MATERIAL PROVIDED ->
---*---
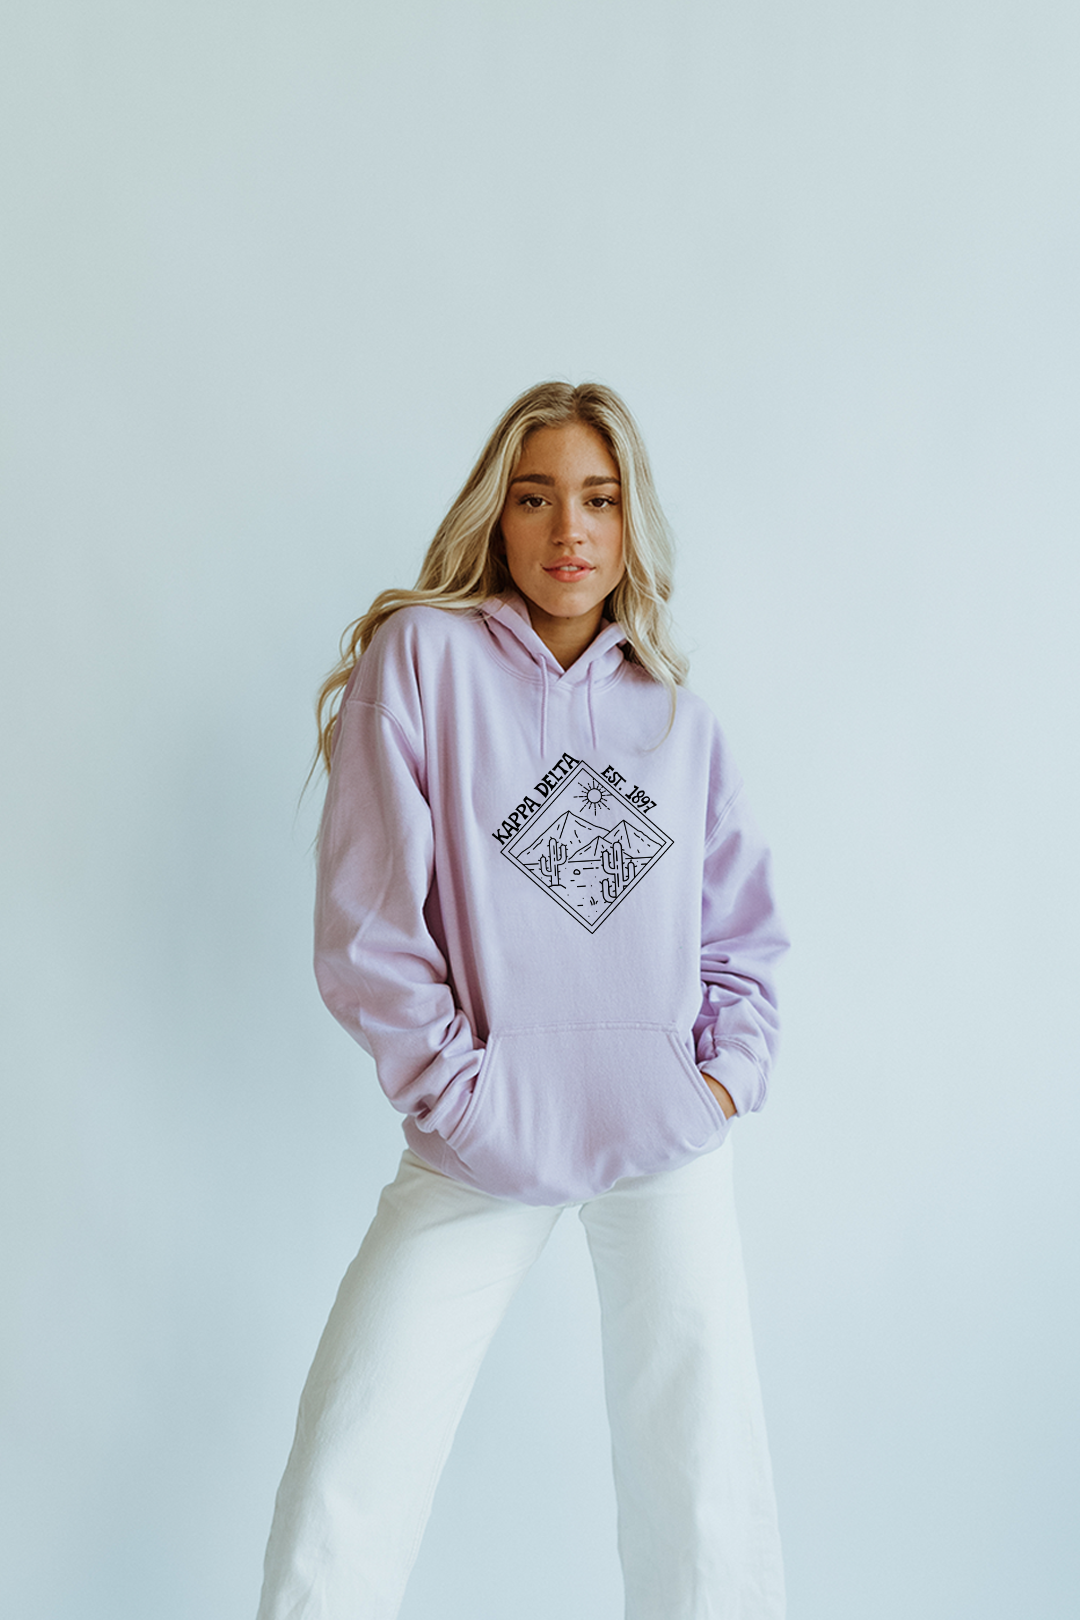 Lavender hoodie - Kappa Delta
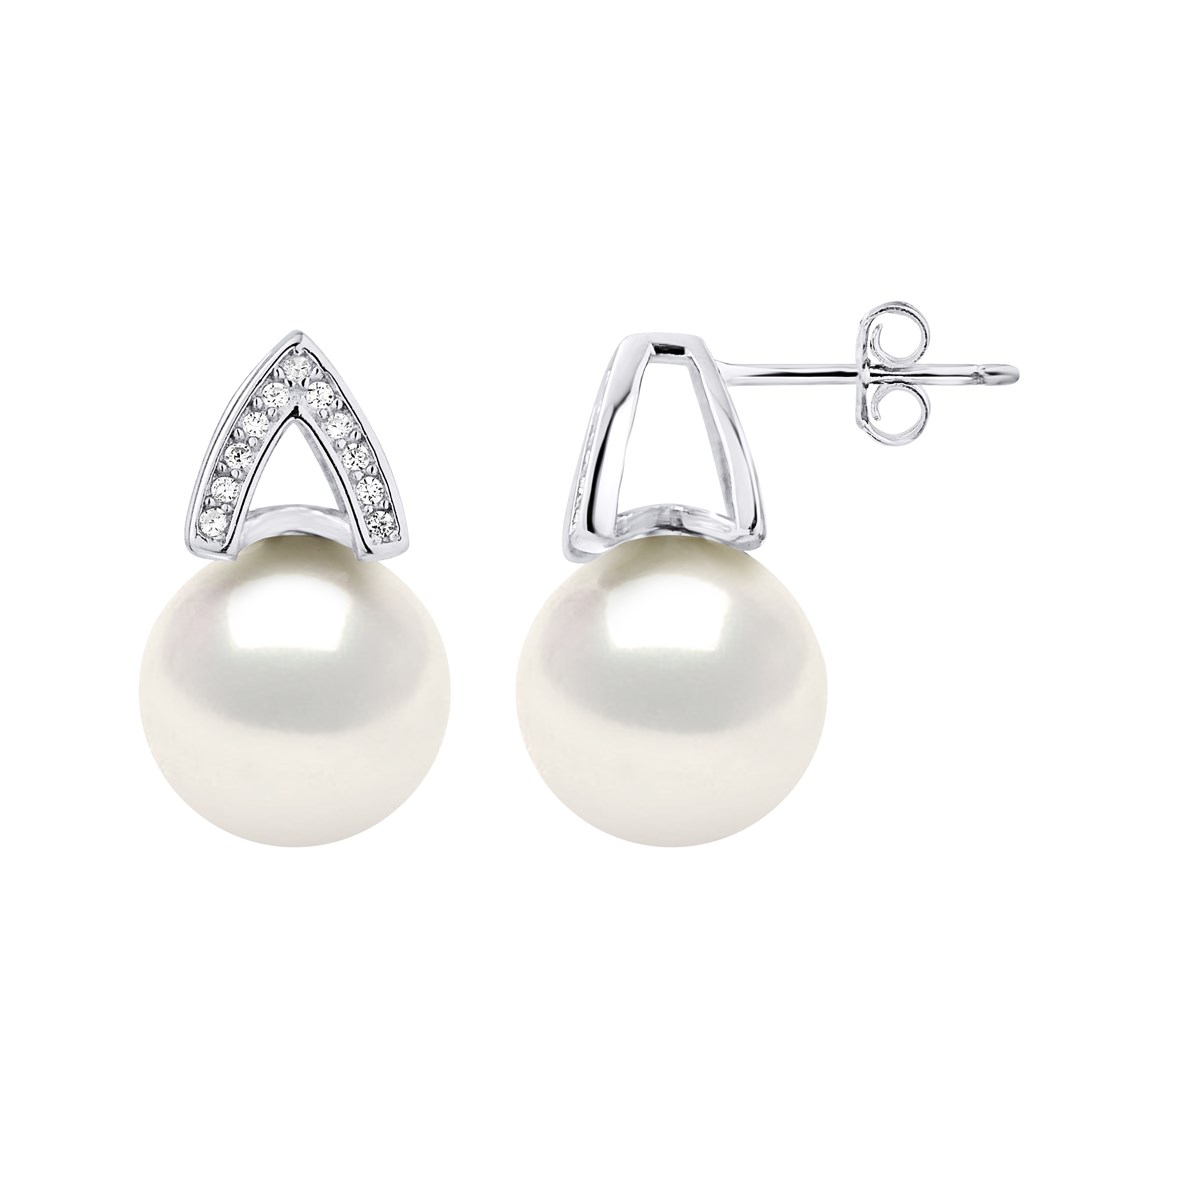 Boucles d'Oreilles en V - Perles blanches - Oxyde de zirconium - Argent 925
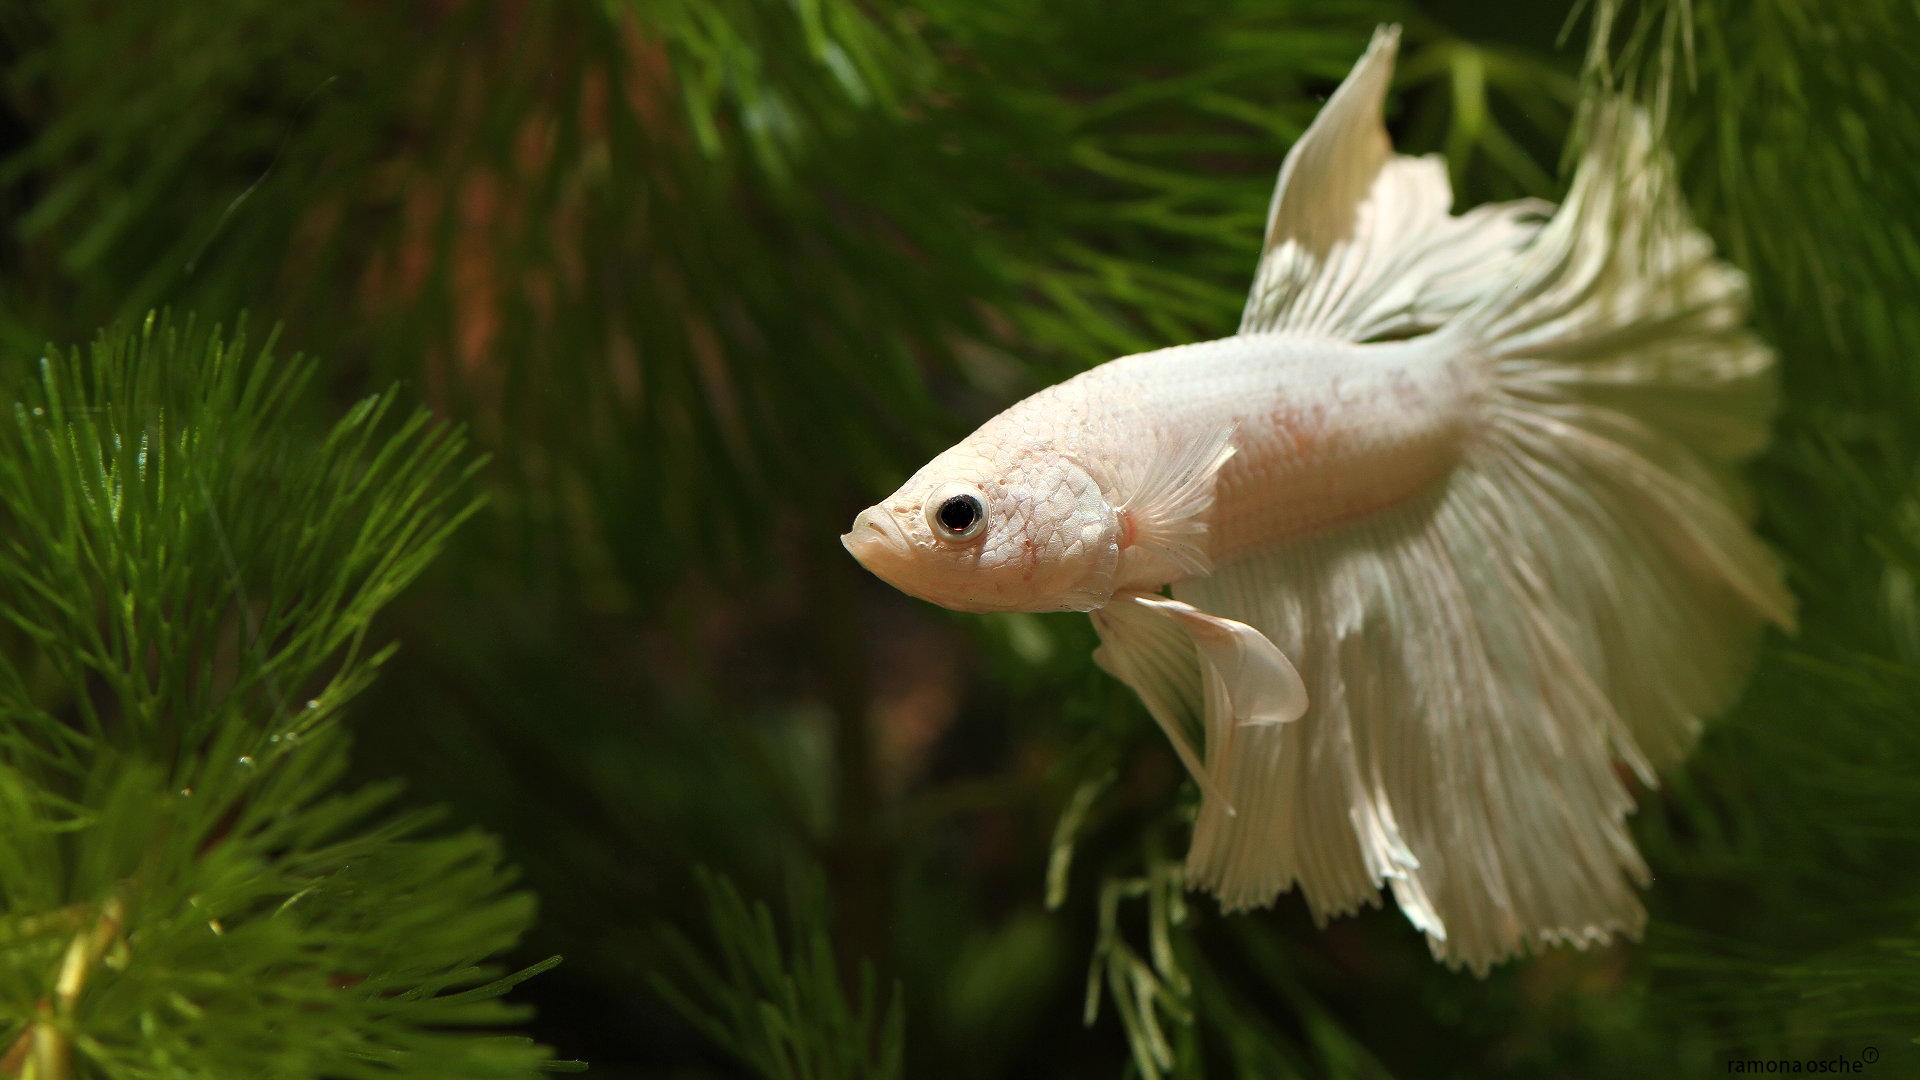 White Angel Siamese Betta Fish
---*---
PROBLEM DESCRIPTION -> The final stretch of the data, from the line with "Boucles d'Oreilles en" through its last line, is to be retyped exactly; pictures are not part of the copy.

RESPONSE TO THIS TASK ->
 Boucles d'Oreilles en V - Perles blanches - Oxyde de zirconium - Argent 925
 White Angel Siamese Betta Fish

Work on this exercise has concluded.